Transcribe and Analyze Meeting Minutes with OpenAI and Java

The overall idea is to reimplement the OpenAI tutorial found here in Java instead of Python. That allows me to work with Java parallel streams, text blocks, the HttpClient API, Java records, and more.

Here is a summary of the video in five bullet points, using the YouTube Summary plugin from Glasp, which works with ChatGPT (emphasis added):

  • The tutorial aims to transcribe an audio file into text using Java and then post-process the text with OpenAI’s GPT-4 model to create an automated meeting minutes generator. This is part of the “Tales from the Jar Side” series.
  • The OpenAI tutorial originally uses Python and has a limitation: the sample audio file exceeds the size limit allowed by the Whisper AI service for transcription. The Java implementation works around this by breaking the audio into smaller chunks, which has been previously discussed in another video.
  • The tutorial utilizes a map of prompts (Summary, Key Points, Action Items, and Sentiment Analysis) that are passed along with the transcribed text to GPT-4. These are processed sequentially, with each prompt generating its own response.
  • The responses are then saved into individual files for further analysis. This setup allows for future experimentation with parallel processing to potentially speed up the task.
  • Towards the end, there’s a note on the YouTuber’s goal to reach 1,000 subscribers and an overview of the code setup for transcribing the audio and interfacing with GPT-4. The video does not go into the process of converting the meeting minutes into a Microsoft Word document, considering it a “bridge too far.”

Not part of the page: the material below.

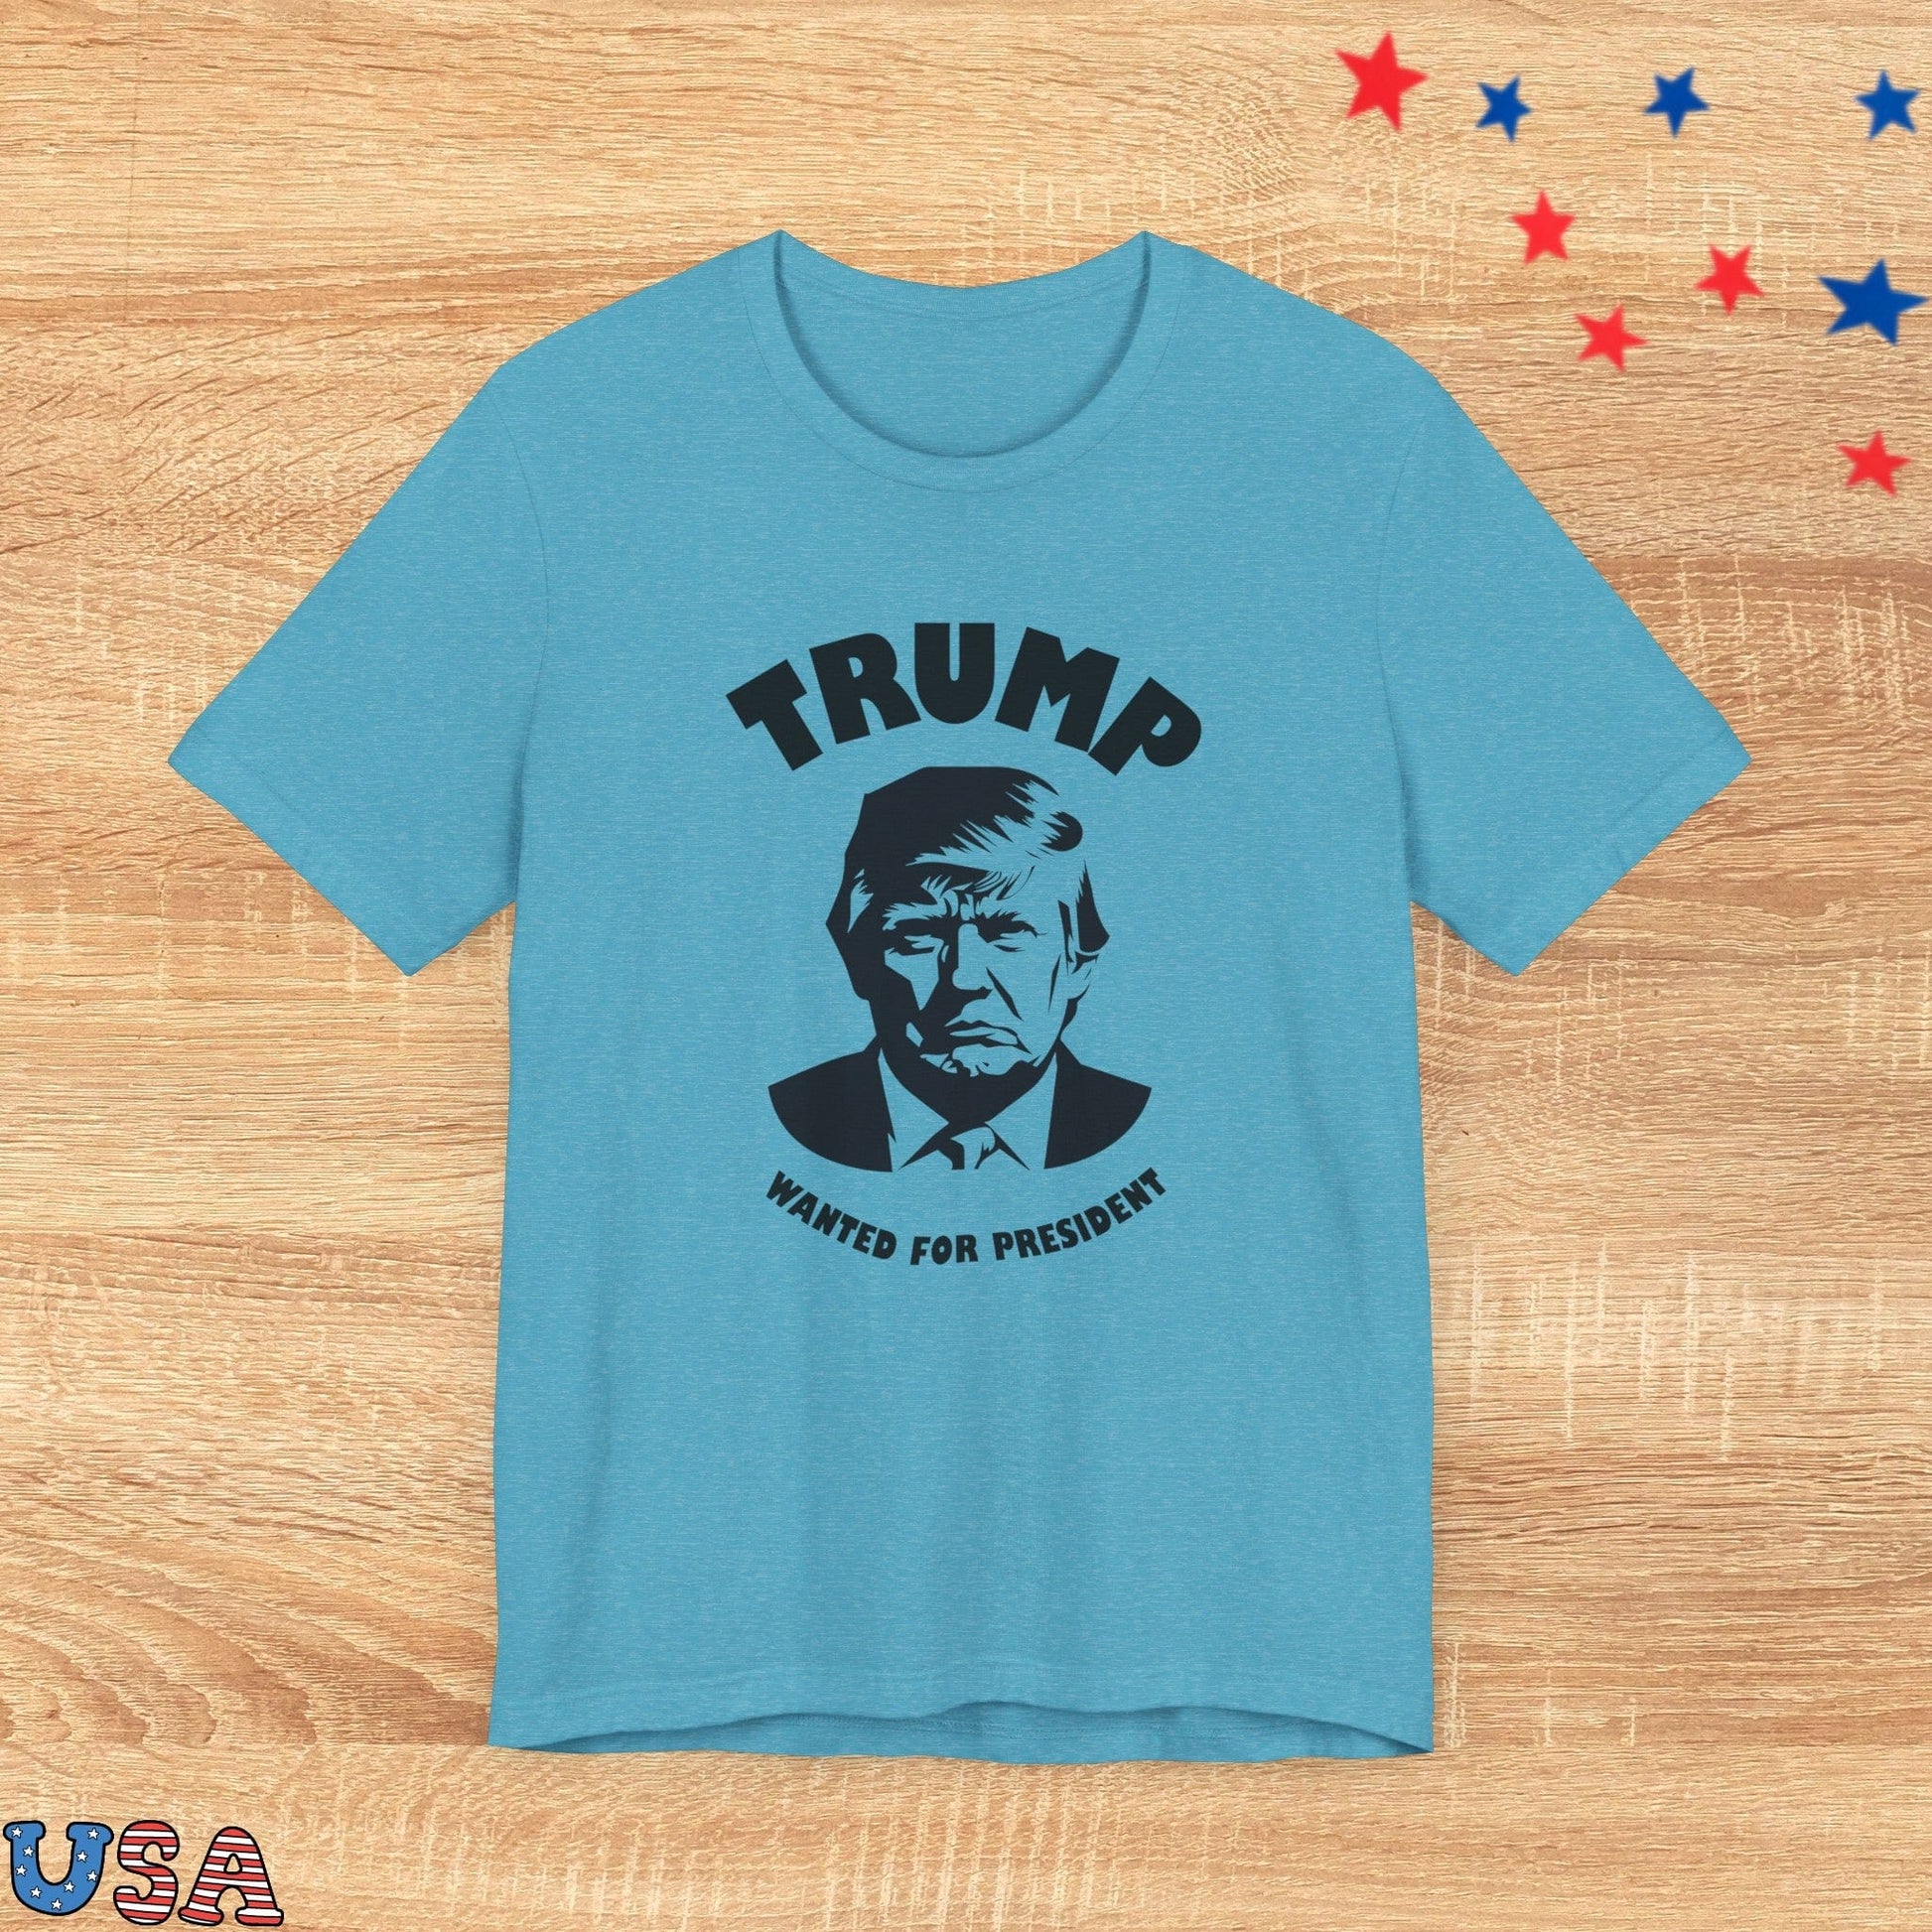 patriotic stars T-Shirt Heather Aqua / XS Trump Wanted For President

This summarizes the essence of the tutorial, touching upon the technical aspects as well as some of the limitations and goals.

That’s not a bad generated summary. The only part I would quibble with is that processing the GPT requests in parallel is maybe the best part of the experiment. Heck, the ability to easily use parallel streams might be enough reason for some people to use Java in the first place. Despite what the generated bullet point says, saving the responses into files has nothing to do with that. In fact, I deliberately moved the file-saving part out of the stream processing to ensure I wouldn’t have any concurrency issues with the file system.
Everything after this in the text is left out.